= Traditional leaders in Zimbabwe =

Zimbabwean traditional leaders: roles, regulations, and lineage

Chiefs and traditional leaders in Zimbabwe are unelected, hereditary figures who serve as the primary local governance structure in rural areas, acting as custodians of cultural values, customs, and communal land while also performing administrative and judicial functions within their communities.

==Roles==
Traditional leaders play many roles in Zimbabwean communities, culture and families. They help to promote and uphold cultural values, facilitate development and resolving of disputes in their communities.

==Legal and Constitutional Framework==

The institution of traditional leadership is regulated and monitored within the parameters of the Constitution of Zimbabwe. These leaders are put in position by the government of Zimbabwe to work with the people.

==Leadership and Lineage==

A chief is not elected into office by popular vote, but through lineage, and is thus in office for life.

==Land Custodianship==

Chiefs and traditional leaders are custodians, not owners, of land, holding it in trust for the community. Their role is to safeguard land and community values for past, present, and future generations, managing it ethically and fairly according to shared norms.

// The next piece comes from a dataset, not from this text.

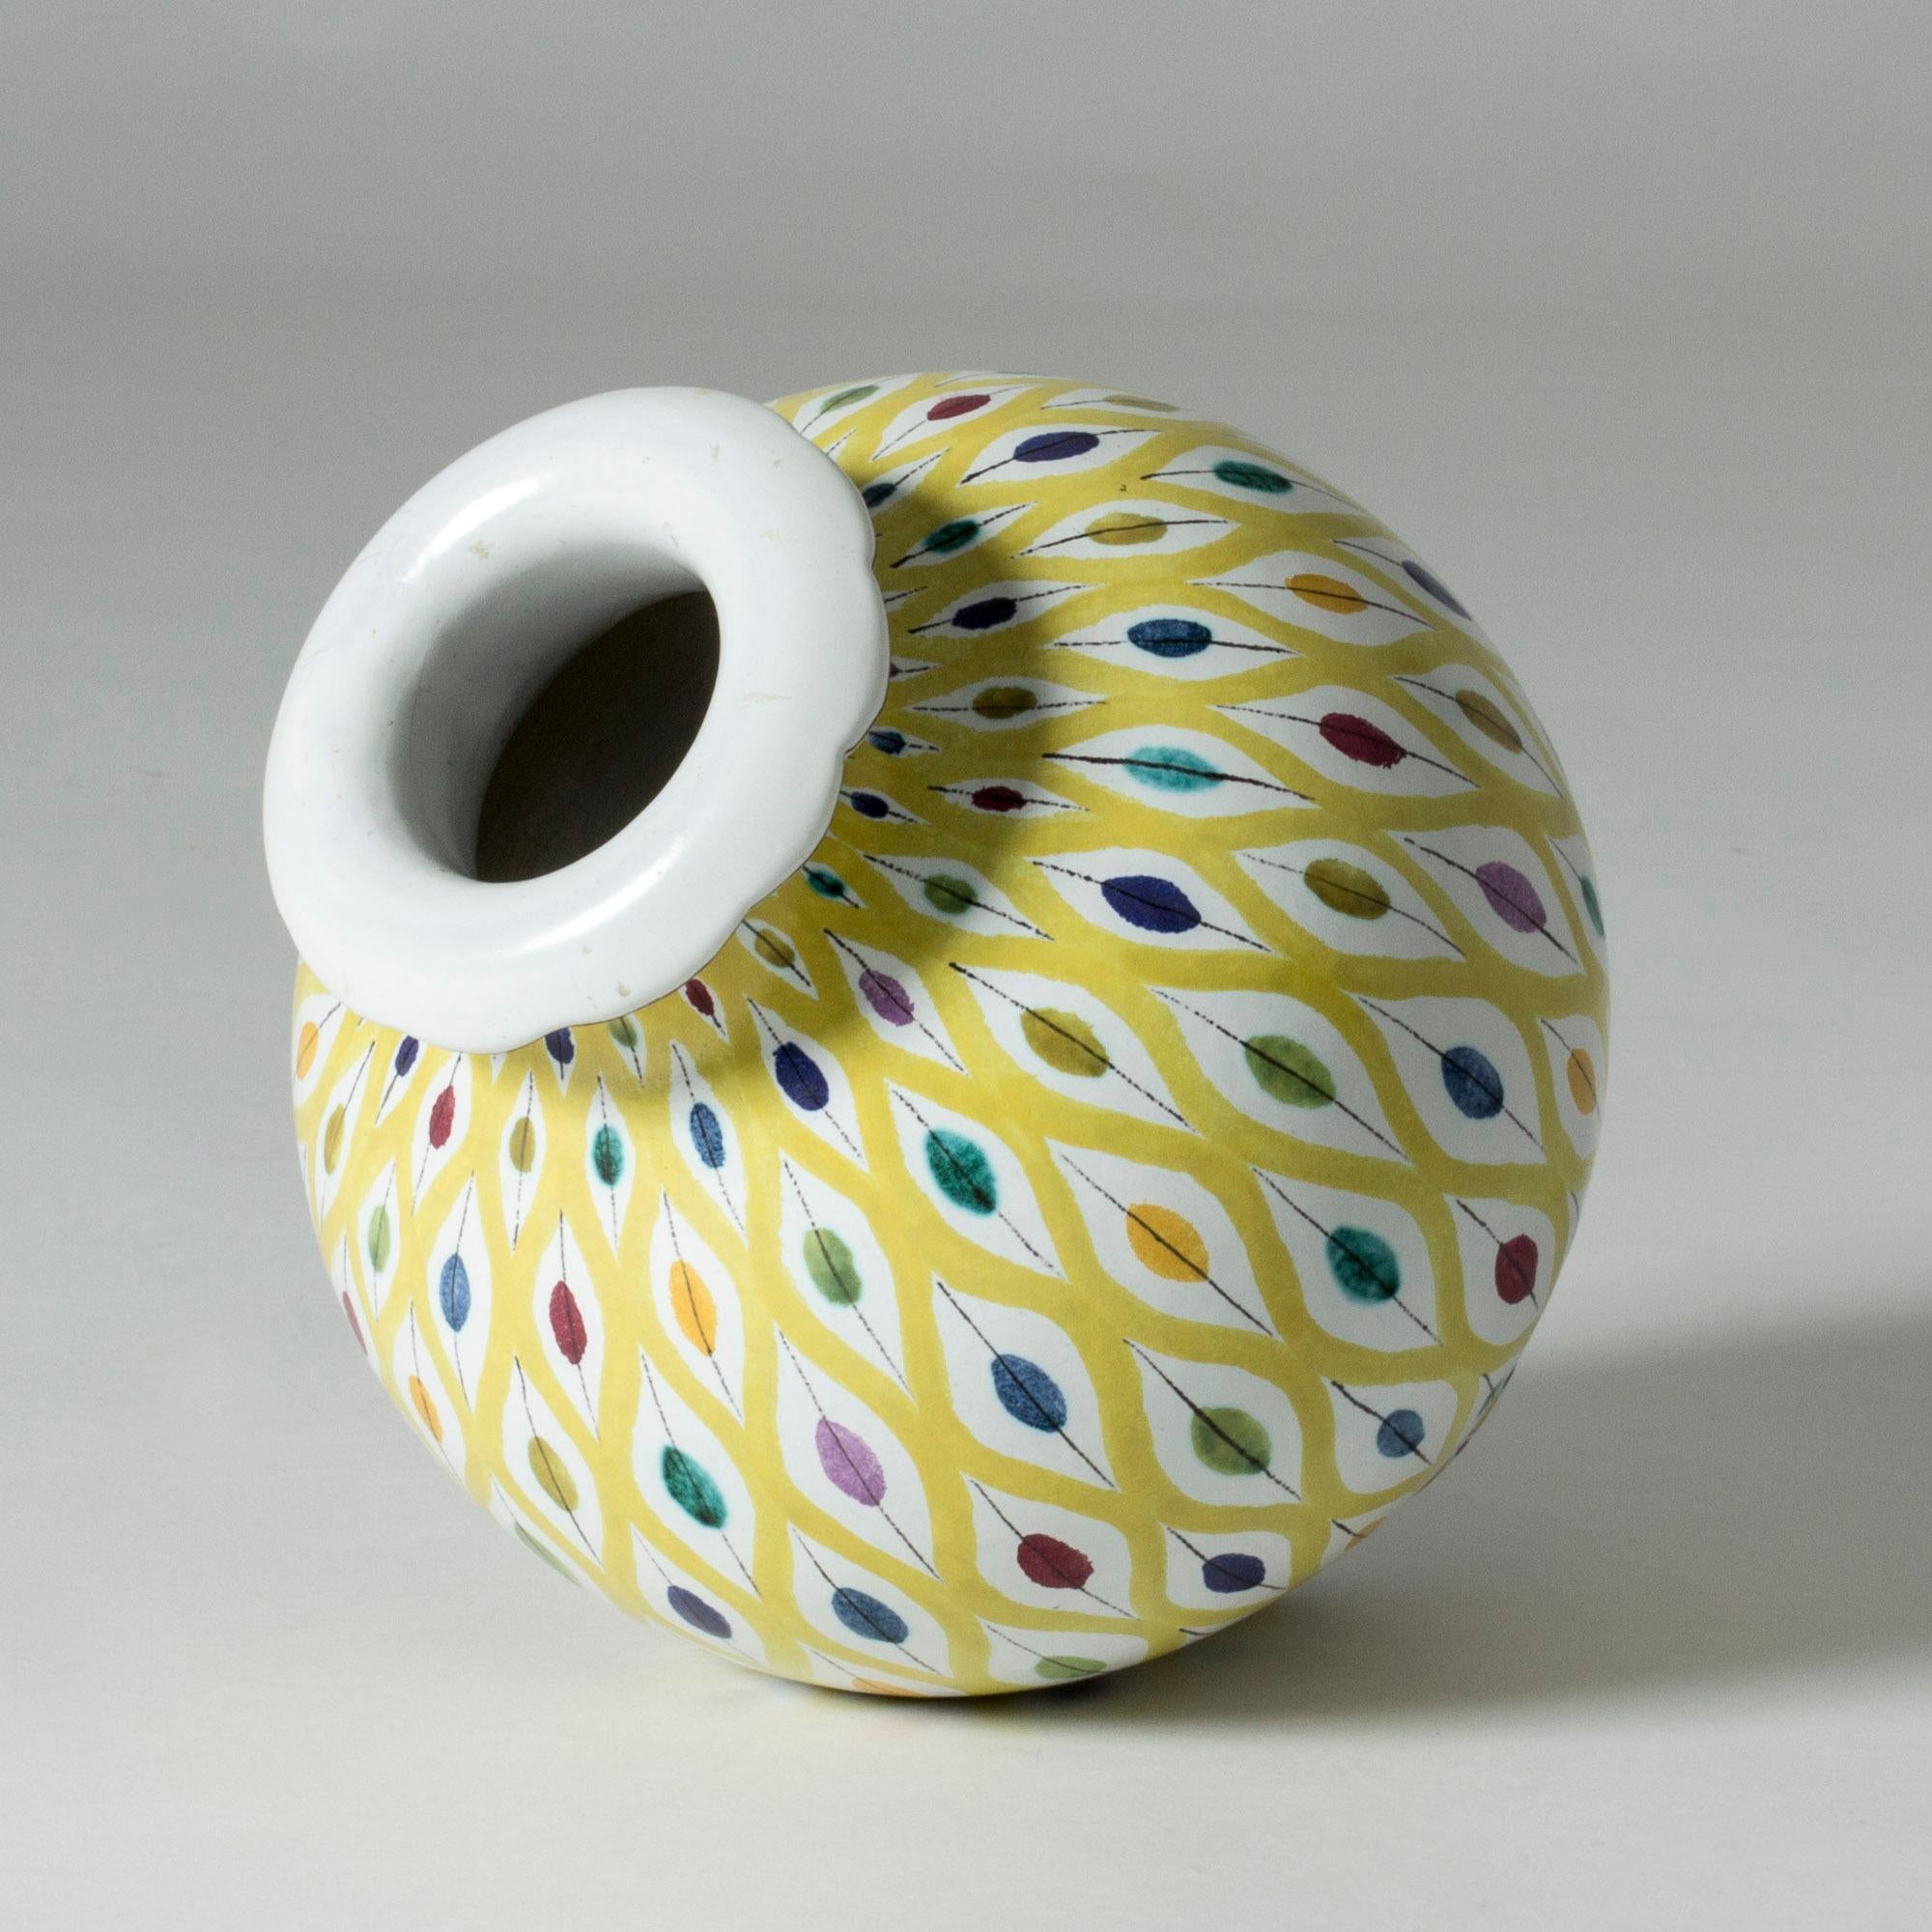 Stunning faience vase by Stig Lindberg in a lovely bulging shape. Beautiful colorful, graphic decor of leaves and vibrant yellow lines.

The community owns the land, while chiefs manage it. Documenting customary practices through collective agreement helps ensure tradition remains accountable. A key distinction is made between sovereignty (owning territory) and stewardship (managing resources for others), positioning traditional leadership as a service rooted in trust, consensus, and accountability

==Communal Land Governance and Public Awareness==
In terms of the Communal Land Act, communal land is vested in the State and is not subject to sale. Rights of occupation and use may be granted in accordance with the Act and related legislation. Government responses to illegal land allocations have included public awareness initiatives and measures to clarify the lawful roles of traditional leaders and to prevent unauthorised land transactions.